Trueblood argued for a radical reframing of the language of ministry and mission. He called for “a fundamental denial of that kind of division of labor in which the majority have a secular responsibility and a minority have a Christian responsibility. There is always some need of a division of labor in life, partly because people have radically different gifts, but a division of labor is damaging and vicious when it leaves the promotion of the gospel to a few, while the others merely support them in such work."
In light of this, Trueblood was especially critical of the diminishment of the ‘ministry of the laity’ to (i) giving support to the structures and programmes of the institution, and (ii) helping the pastor with the chores around the church buildings.

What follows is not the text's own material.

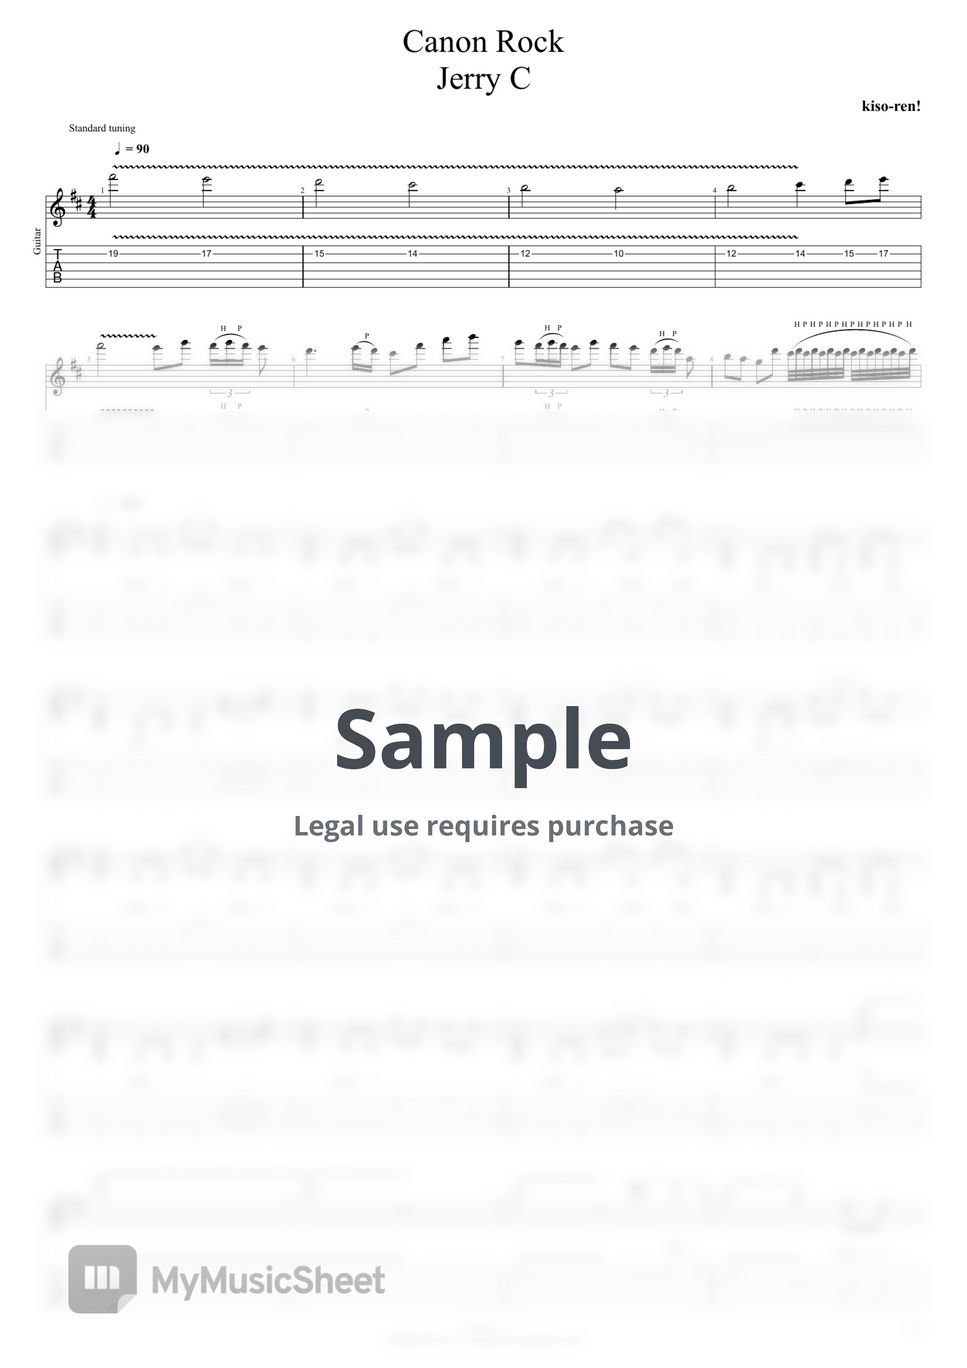 JerryC - Canon Rock Full Guitar Score TAB  JerryC (TAB PDF & Guitar Pro files.（GPX）) by Technical Guitar

Trueblood argued that "the only kind of lay ministry worth encouraging is that which makes a radical difference to the entire Christian enterprise." In other words, lay ministry is not some second rate auxiliary to the real thing. It is the real thing—men and women engaged at the very forefront of everyday life as ministers of liberation and redemption: "If Christianity is to be understood not as a retreat from life in the world but as an effort to transfigure life itself, if follows that the Church needs the service of men and women at the point where they are most exposed to the problems of our political and economic order." And that’s not in church on Sunday.

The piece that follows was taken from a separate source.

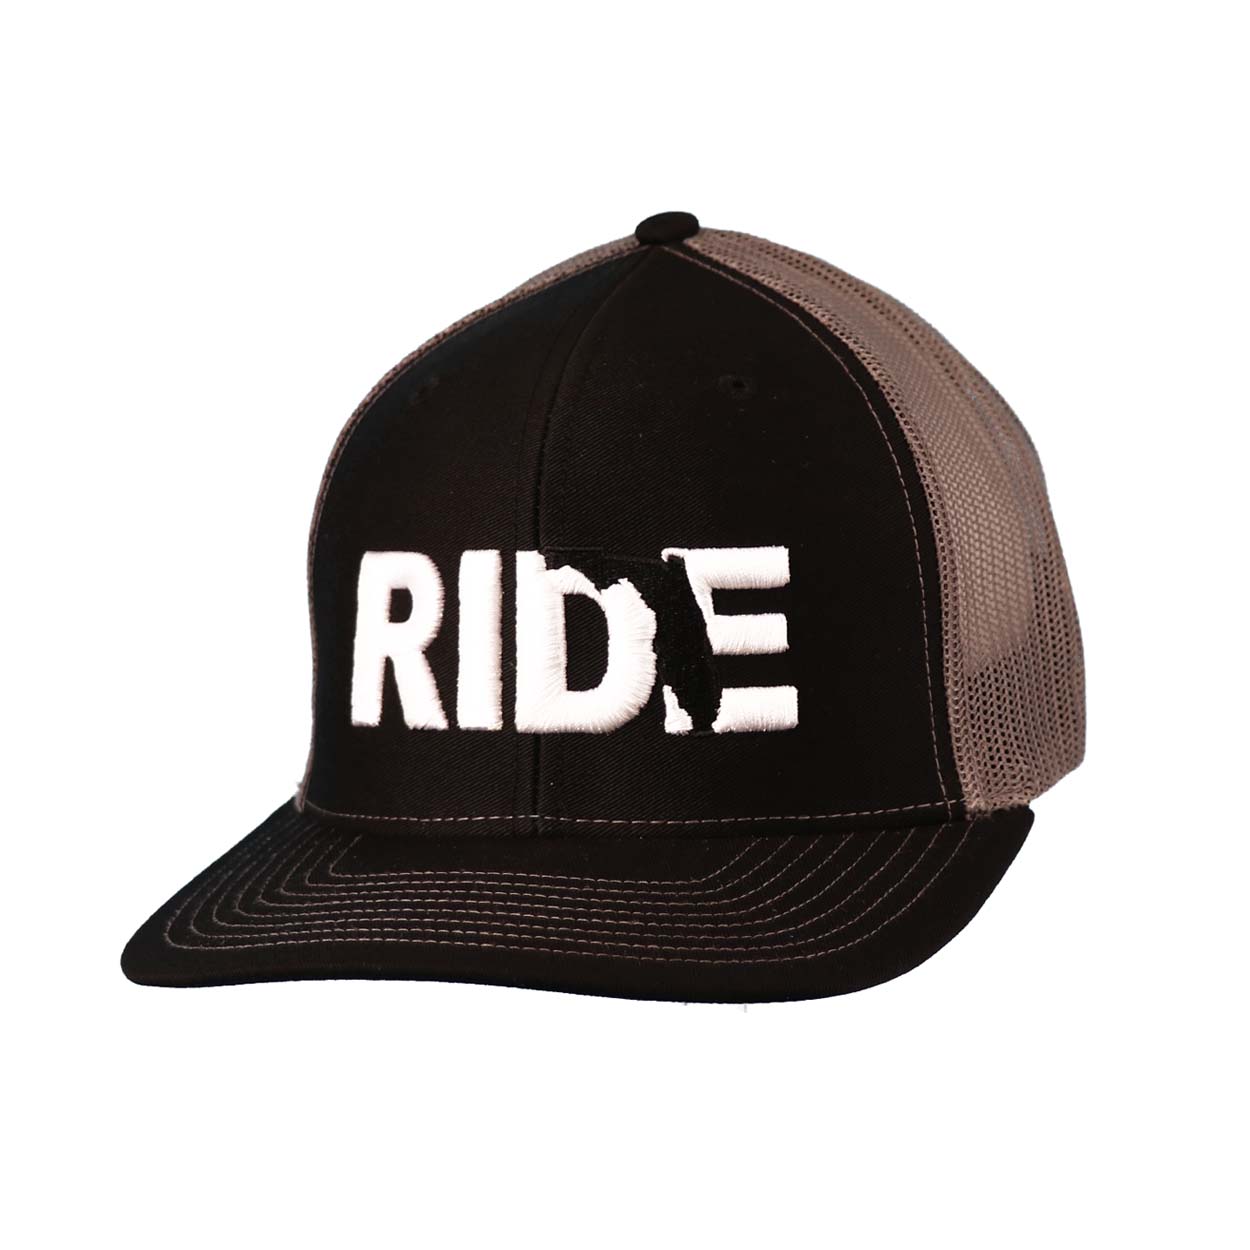 Ride Florida Classic Embroidered Snapback Trucker Hat Black/Charcoal

Despite his Quaker roots and persistent critique of institutional religion, Trueblood was not anti-clergy, nor was he dismissive of the Sunday gathering for worship. He affirmed both as crucial to an inspired, empowered and educated laity, equipped and ready for the ministry of common life: “The older idea was that the lay members were the pastor's helpers, but the new and vital idea is that the pastor is the helper of the ordinary lay members in the performance of their daily ministry in the midst of secular life.”
As I understand it, Trueblood’s proposals did not go down well with the institutional gatekeepers of his day. Perhaps he was ahead of his time. Though he doesn’t read today as quite the radical he was back then, he’s still a voice worth hearing.